Thompson is currently finishing the fourth book in his four-part American Revolution Series, which he characterizes as “an American history for the 21st century.”

Thompson calls his history “forensic” because, while piecing together what really happened in America during and after the insurgency Sam Adams launched in 1764, he has examined and corrected numerous folklore “facts”. Was John Adams right, for example, when he assured Jefferson that the American revolution occurred in the minds of the America people and that it was over before the war for political independence began?

Was Professor Bernard Bailyn right in claiming that King George III roused his American subjects to rebellion by plotting to deprive them of their political rights? Are folklore historians right when they say that Thomas Jefferson was a Lockean and borrowed the rights logic he incorporated into the preamble of the Declaration of Independence (that all men have “certain unalienable rights” that include “life, liberty, and the pursuit of happiness”) from Locke’s Second Treatise of Government? (None one of these claims is true!)

Thompson’s history is fresh because he draws on his training in Philosophy to pinpoint the impulses that motivated the men who made America. What did Sam Adams really believe and where did he get his ideas? What was Thomas Jefferson thinking when he wrote the Declaration of Independence and what did he do after he severed America’s political bands with England?

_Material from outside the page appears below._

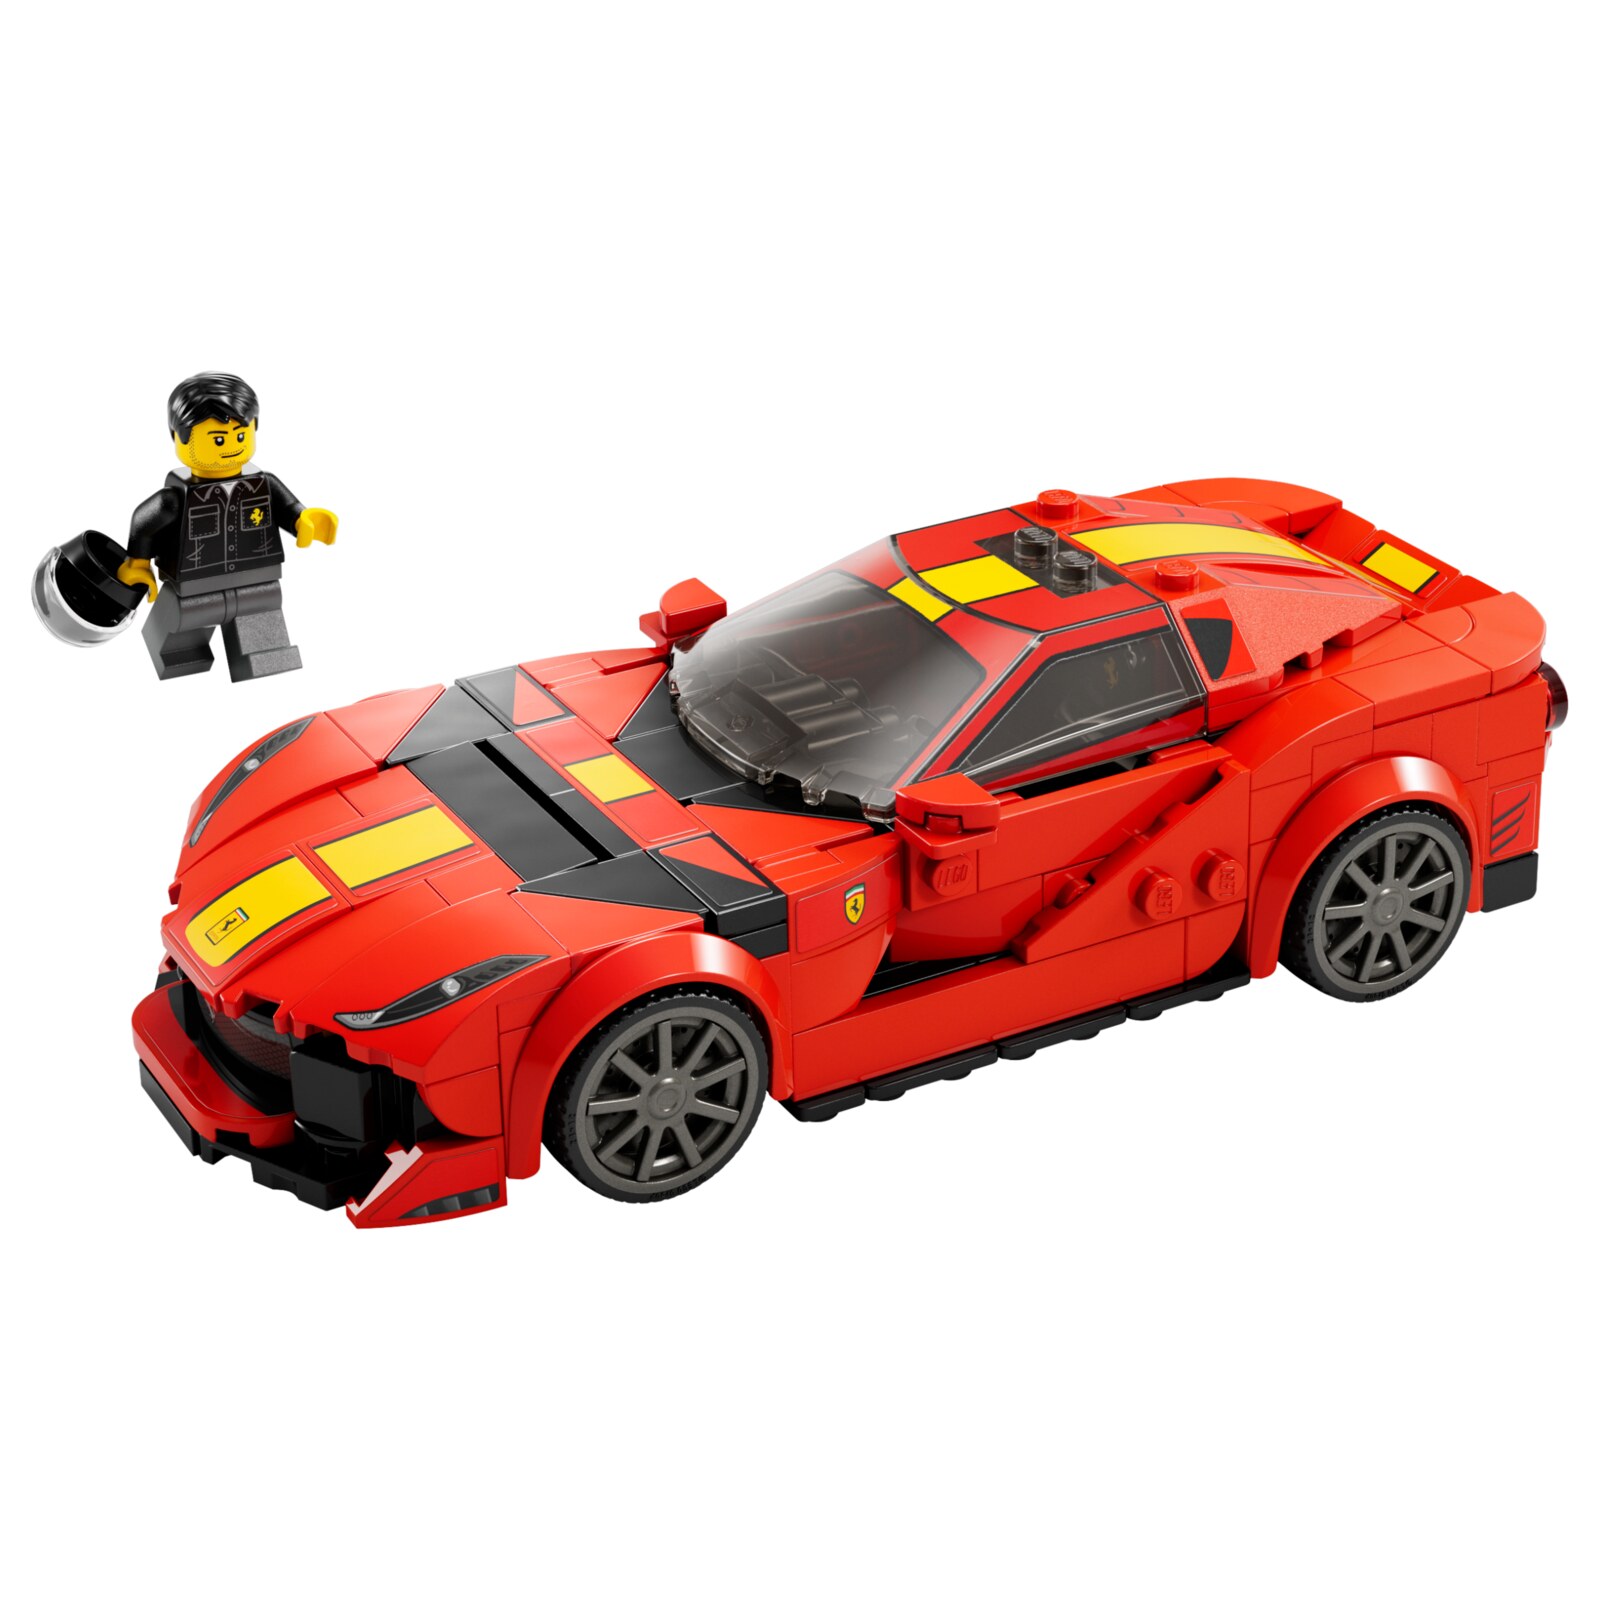 Конструктор LEGO Speed Champions Ferrari 812 Competizione, 261 деталь, 76914 конструктор lego speed champions 30342 lamborghini huracan super trofeo evo
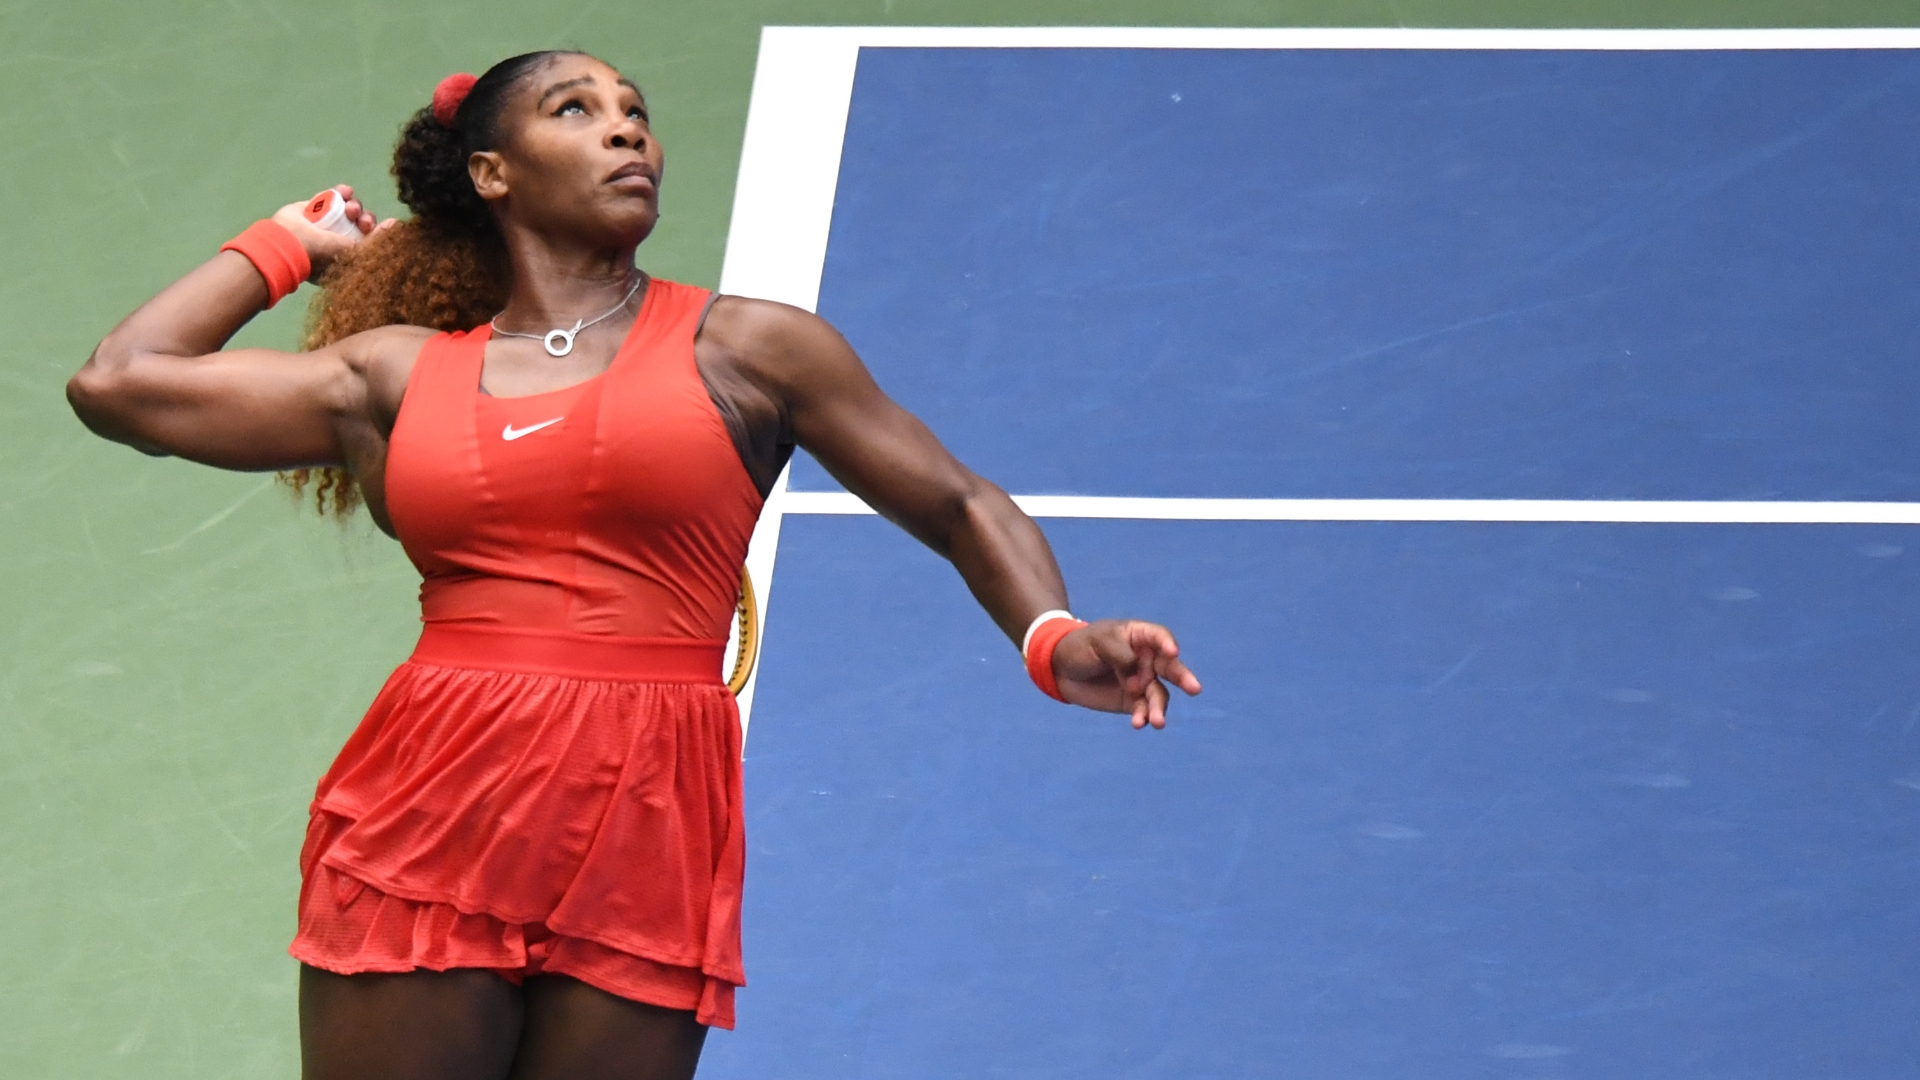 Serena's left-handed return, long rally wins second set

Who was John Dewey and why was he so influential before and after World War One? And why did most influential American historians become Communists in the wake of the Russian Revolution?

If you want to understand how America became what it is today, you need to understand these things. This is not easy, however, because there is virtually nothing about them in the designer histories on your library’s bookshelves.

Historians joke that “nothing changes faster than history.” Thompson proves it with his fact-filled narratives about the men who made American what it is today.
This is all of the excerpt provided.